Trying to catch so many bogus claims delays payouts to Ohioans who are legitimately in need of help. In the Columbus suburb of Upper Arlington, Cynthia Sbertoli was receiving $228 a week after she was laid off in March from her job with a non-profit that runs high school student exchange programs.
Her benefits were put on hold in January after she informed the state that someone had tried to use her identity in a scam to claim benefits. She thought the problem was resolved but has yet to see a renewal of her benefit cheques, which she and her husband use to help pay for a son's vision and auditory therapy.
“It's just not a good way to take care of people,” said Sbertoli, 49.
In Indiana, Kentucky and Maryland, officials have said that for certain weeks in the new year at least two-thirds of the claims they received were classified as suspicious due to problems verifying identities. It's not the first brush with serious fraud for Maryland. In July, officials said they'd discovered a massive criminal enterprise that had stolen more than $500 million in unemployment benefits.
Among states that have been hardest hit are those participating in the Pandemic Unemployment Assistance program adopted by Congress last year.
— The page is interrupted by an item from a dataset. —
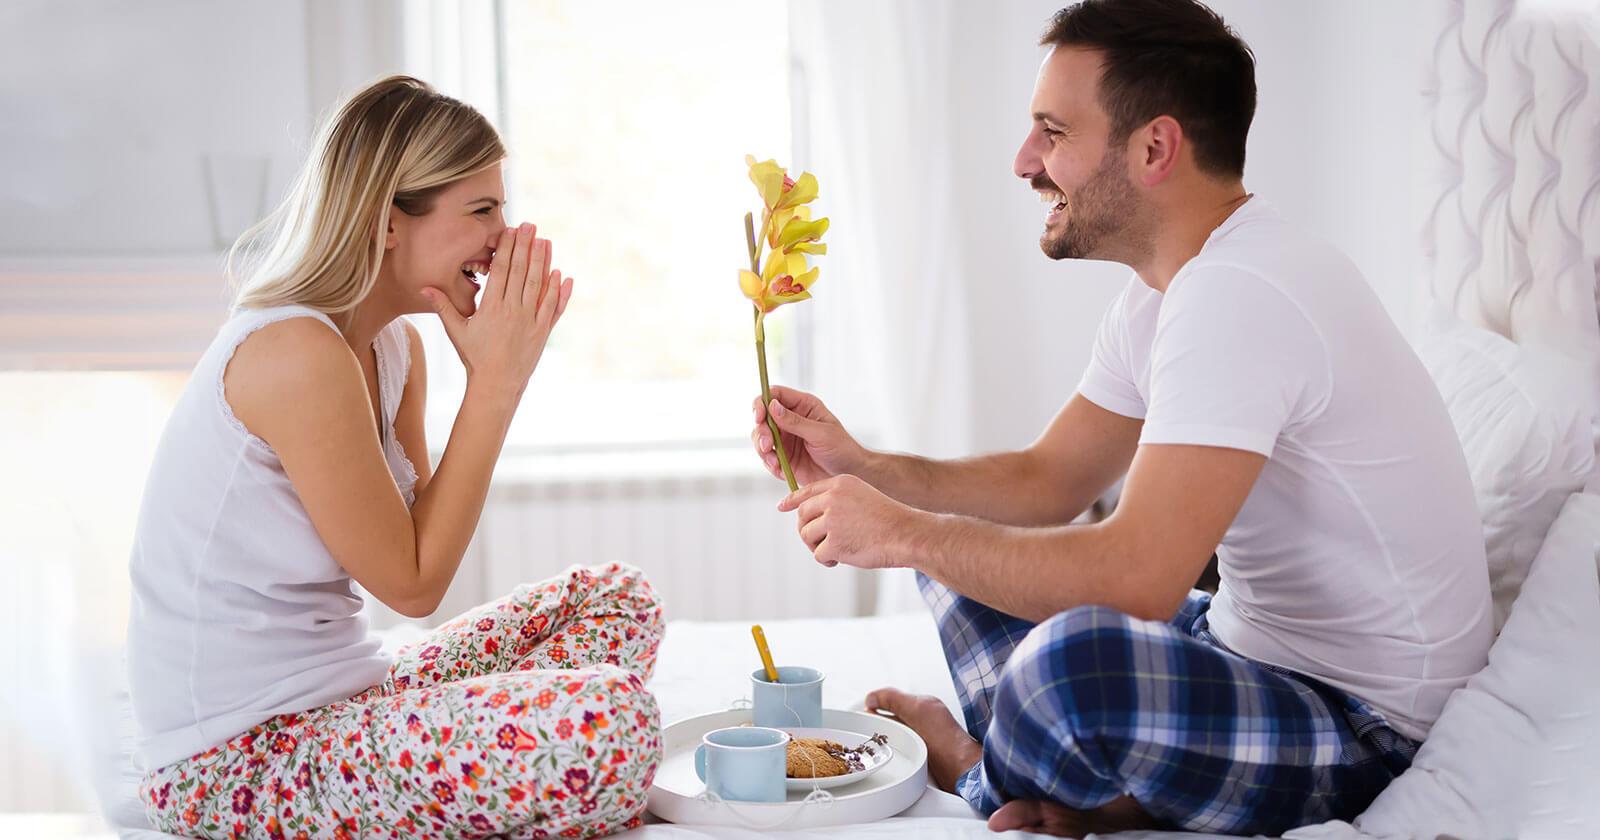 Życzenia urodzinowe dla żony [romantyczne, śmieszne, wzruszające]

It has been a lifeline for out-of-work freelancers and gig workers who normally don't qualify for unemployment insurance, but it's also been a boon for criminals who use stolen identities to make claims. Nearly 800,000 of the 1.4 million claims Ohio has received through this program have been tagged for potential fraud.
Scams have been so widespread that the US Department of Justice is setting aside money to hire more prosecutors. In New York alone, the Department of Labour says it has referred “hundreds of thousands of fraud cases” to federal prosecutors.